LaPointe unable to vote for himself, Robertson no longer lives at residence listed in nomination documents
residency
Gregor Robertson and Kirk LaPointe. Photo Dan Toulgoet

Housing is a hot-button issue in Vancouver’s civic election campaign, but the law says the incumbent mayor need not tell voters where he lives and his biggest challenger need not be a resident of the city and cannot vote for himself.

Provincial Court Judge Margaret Rae upheld Mayor Gregor Robertson’s nomination Oct. 16 after Cedar Party city council candidate Glen Chernen disputed the address on the Vision Vancouver leader’s nomination and financial disclosure documents. Robertson claimed his residence was the Kitsilano duplex near the Point Grey Road bike lane from which he moved before July.
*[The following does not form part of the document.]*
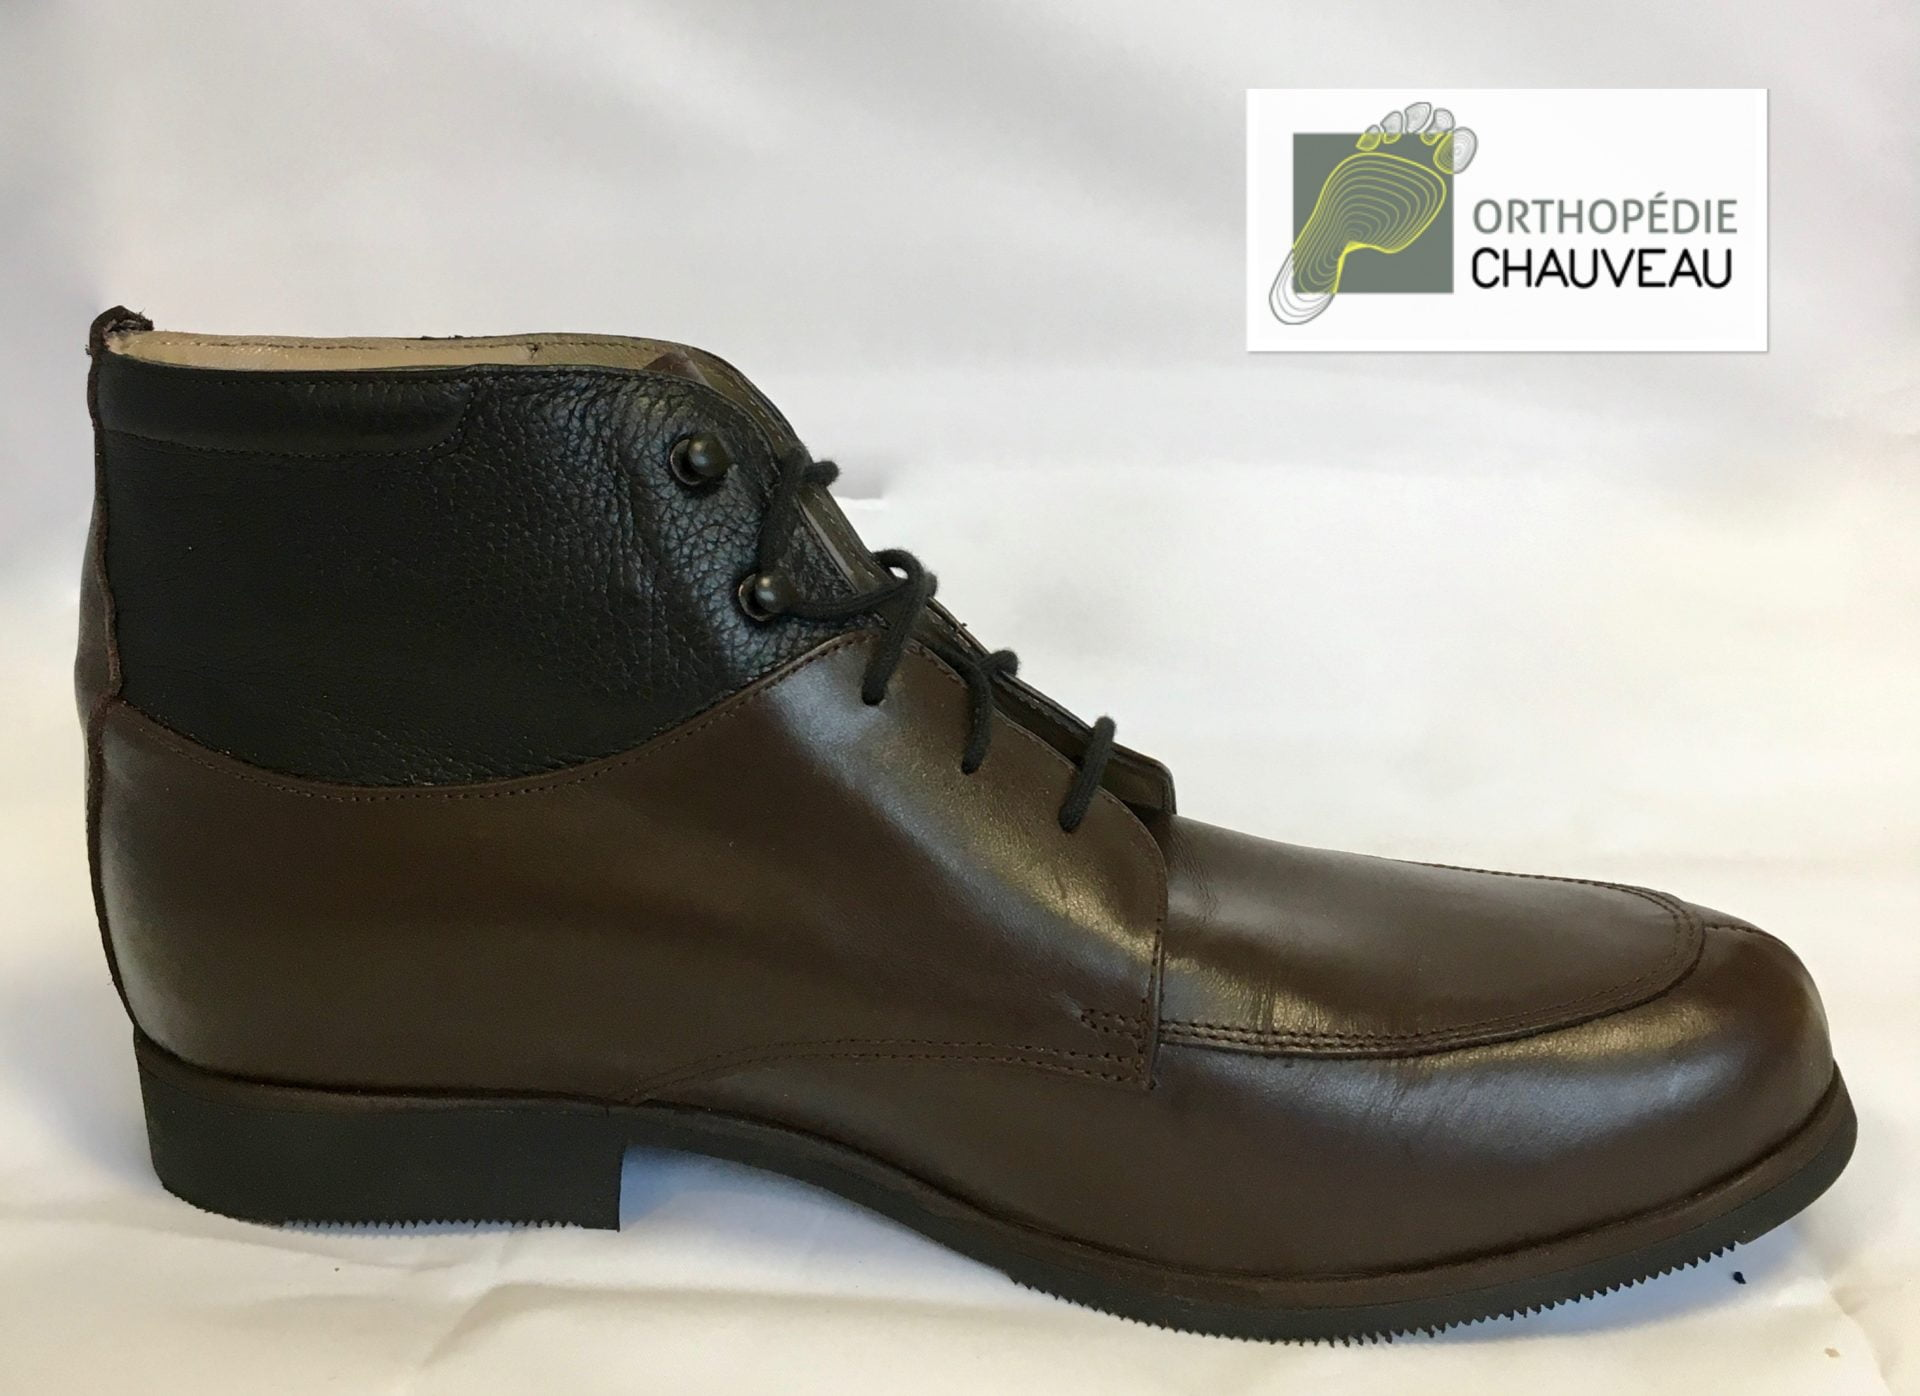 chaussures orthopediques Rennes bottine bicolore
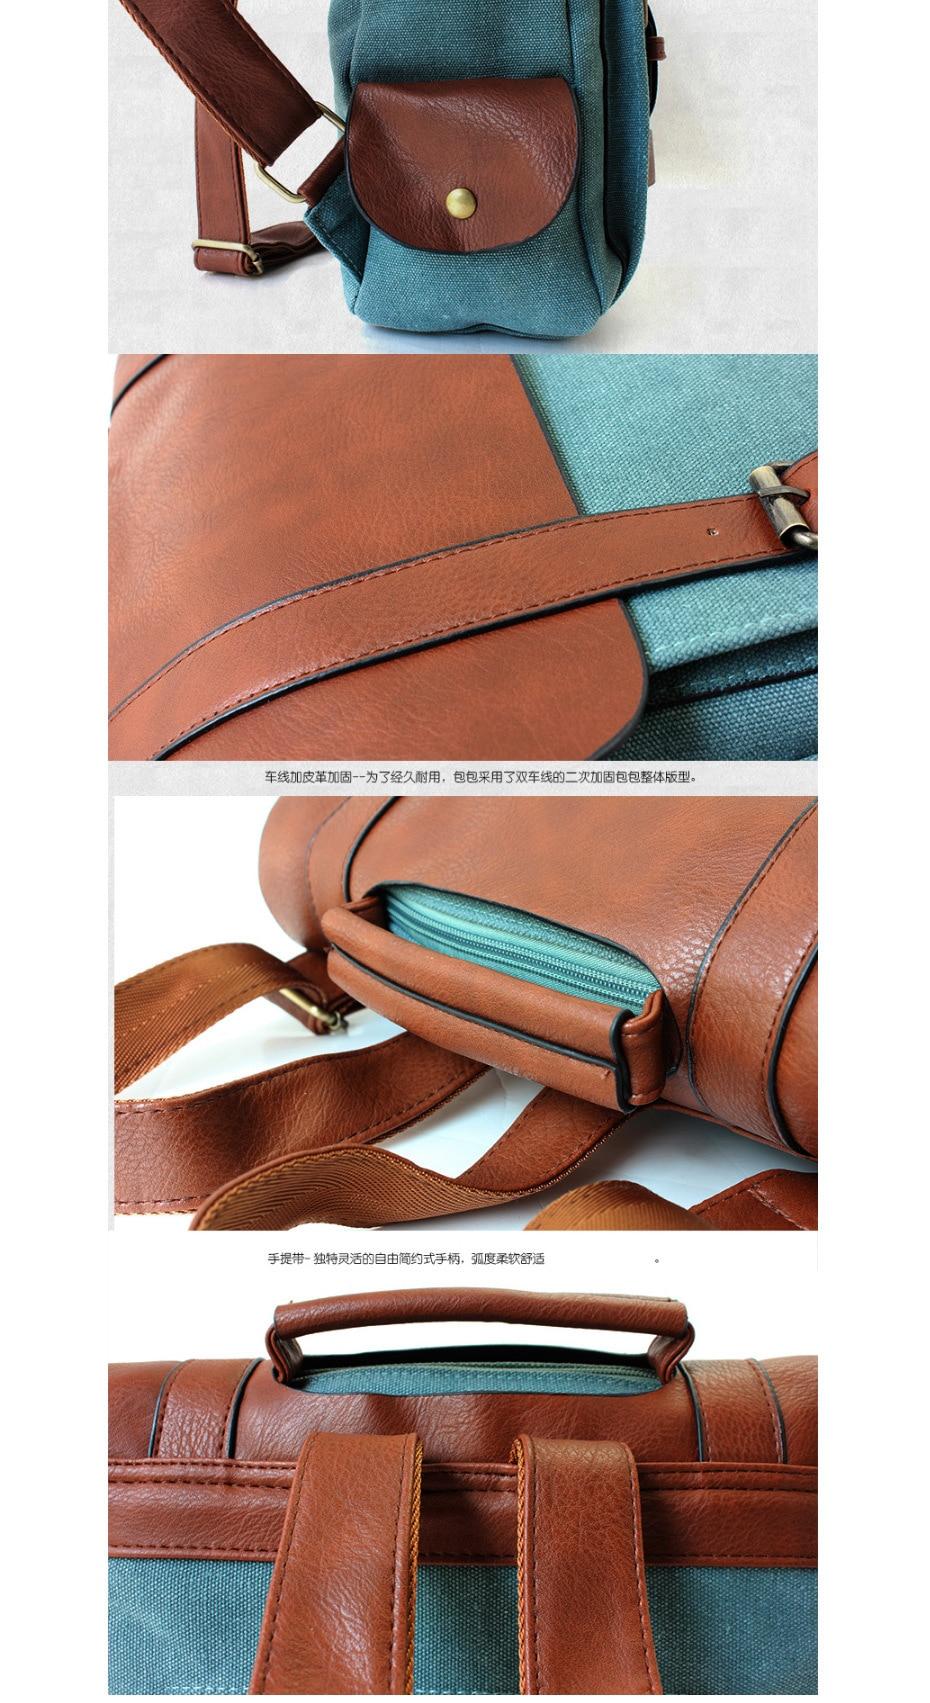 HTB15vCHgFOWBuNjy0Fiq6xFxVXak - 2018 Fashion Women Leather School Vintage Backpack Men Small Schoolbag Mochila Feminina Brown Black Backpacks Kanken Sac A Dos

Gregor and Amy Robertson’s affidavits said they “reached a mutual and amicable decision to separate” in mid-2014.

“I have been staying in an apartment in downtown Vancouver while our family works out what the future holds for us,” said the Mayor’s affidavit, which did not mention the apartment’s address. “Amy continues to stay in the Kitsilano residence, while I keep my belongings there, pay the bills and sometimes eat there.”

“I continue to consider the Kitsilano residence to be Gregor’s home as well while our family considers our future,” said Amy Robertson’s affidavit. “Gregor keeps a key and comes sometimes for meals. His furniture and many of his personal items remain in the home. He also pays bills, including property taxes for the home.”

Lord Blackburn famously said in 1859 that “a man’s residence is where he habitually sleeps,” but Rae agreed with Robertson’s lawyer David Gruber that he met the broad Vancouver Charter definition of residential address as that which “includes an indication of the area in which a person lives if no other specific designation is reasonably available.”

“I find that troubling that somebody that is running for mayor can’t indicate where he lives and more troubling that he can get away with it,” Chernen, a Dunbar resident, said outside the court. “I put where I live, my residence, because that’s what the forms asked for.”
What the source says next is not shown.